Jamila Hubbard

Values

Finding My Passion Here at Levi Strauss & Co.

Laura Wolfe, Unzipped Staff
Levi Strauss & Co.
April 19, 2021

Jamila Hubbard kicked off her career with Levi Strauss & Co. as a product development assistant on Levi’s® Boy’s Bottoms back in September 2008. Since then, she’s taken an unconventional path — from Boys Bottoms to Product Lifecyle Management where she trained others on a new tool — to her current role as a senior manager with our Diversity, Equity and Inclusion team. It’s this work that now fuels her passion and has come along with deserved recognition.

This year, Jamila was recognized internally with a new award created in honor of our late colleague Meeta Bharvani, who was a fearless advocate for the underrepresented and creator of “I Shape My World,” which inspired powerful changes within our LS&Co. community. Jamila has captured Meeta’s spirit in many ways, whether it be by helping raise up marginalized voices here at the company or through her work with our Project Onyx Black Employee Resource Group advocating for social justice issues.

“One of the reasons I’ve stayed so long at LS&Co., in addition to the amazing friends and colleagues I’ve had, is because I’ve been able to explore different avenues in my career and seek out what motivates, engages and excites me the most,” Jamila said.

We sat down with Jamila to talk about her job and what drives her to bring her best self to work every day.

Jamila HubbardWhat’s the most rewarding aspect of your job?

The most rewarding aspect of my job is being someone who people trust and who they can speak to openly. For many, working in a corporate environment means having to cover parts of who you are in order to fit into the culture. I like to know that I am having a positive impact on people and they feel like they can be themselves in conversation with me.

What are some of the biggest challenges you and your team have faced?

For me, the biggest challenge is to find time to separate the work from myself.
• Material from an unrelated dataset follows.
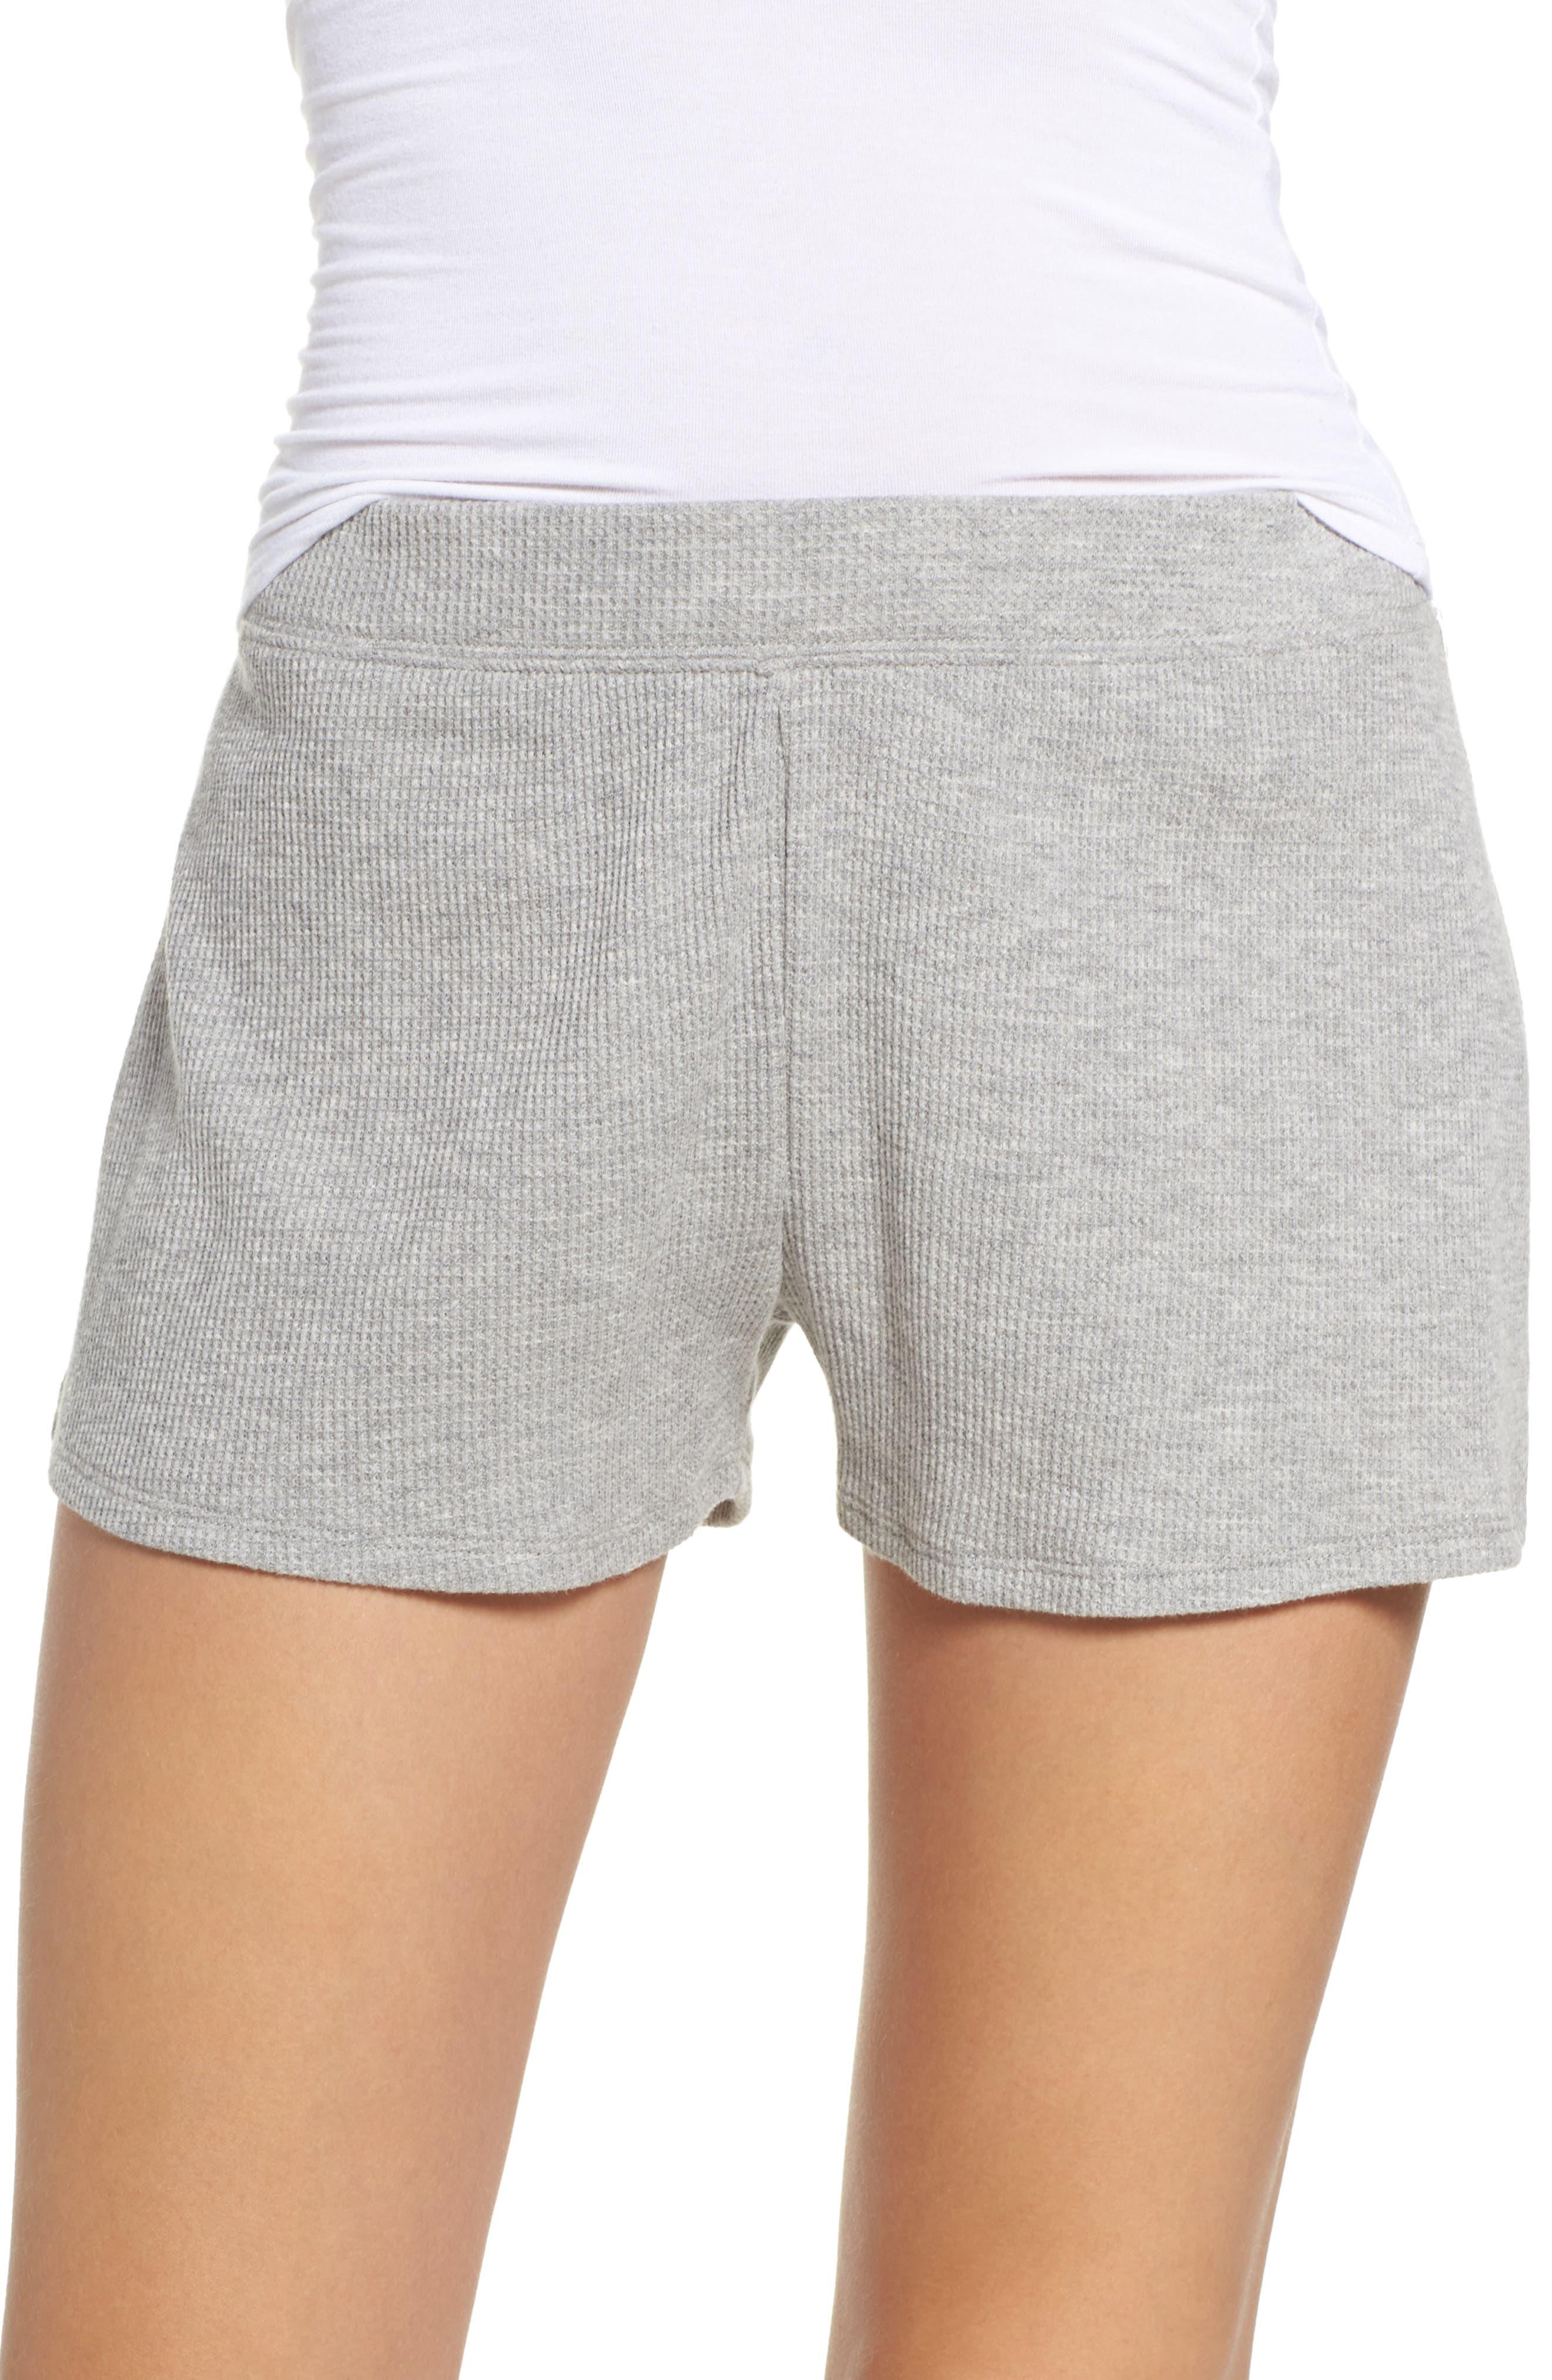 Waffle Knit Lounge Shorts,                             Main thumbnail 1, color,                             020

It’s very emotionally draining to share certain stories or be that emotional support for others, to push for change in a system and a society that are still catching up. We’re a small team; there’s only so much four people can do, and there’s a lot to get done.

Your recent Meeta Award win came with a $10,000 spot grant to donate toward any nonprofit organization of your choice. Which nonprofit are you choosing and why?

I am splitting my donation between two organizations: Roots Community Health Clinic and East Oakland Collective. Both organizations have a mission of empowering a community. They don’t just provide immediate services, but also work to create long term impact with and within the community.

Why is it so important that we here at LS&Co. advocate for marginalized voices?

I believe it’s on all of us to advocate for others at all levels in our communities. We are the community; we are the collective. We all have to use whatever privileges we have to create the best world we can. From the average person helping a stranger at the grocery store reach something on the top shelf (maybe that’s just me) to a corporation using its platform to amplify the voices of those who don’t have the access — It’s imperative that we all play a role. Because if not us, then who?

I think we often forget that this isn’t a zero-sum game where there’s only enough (food, wealth, resources, etc.) for a select few people. In one of her most famous speeches, Fannie Lou Hamer said, “Now, we’ve got to have some changes in this country. And not only changes for the Black man, and only changes for the Black woman, but the changes we have to have in this country are going to be for liberation of all people — because nobody’s free until everybody’s free.”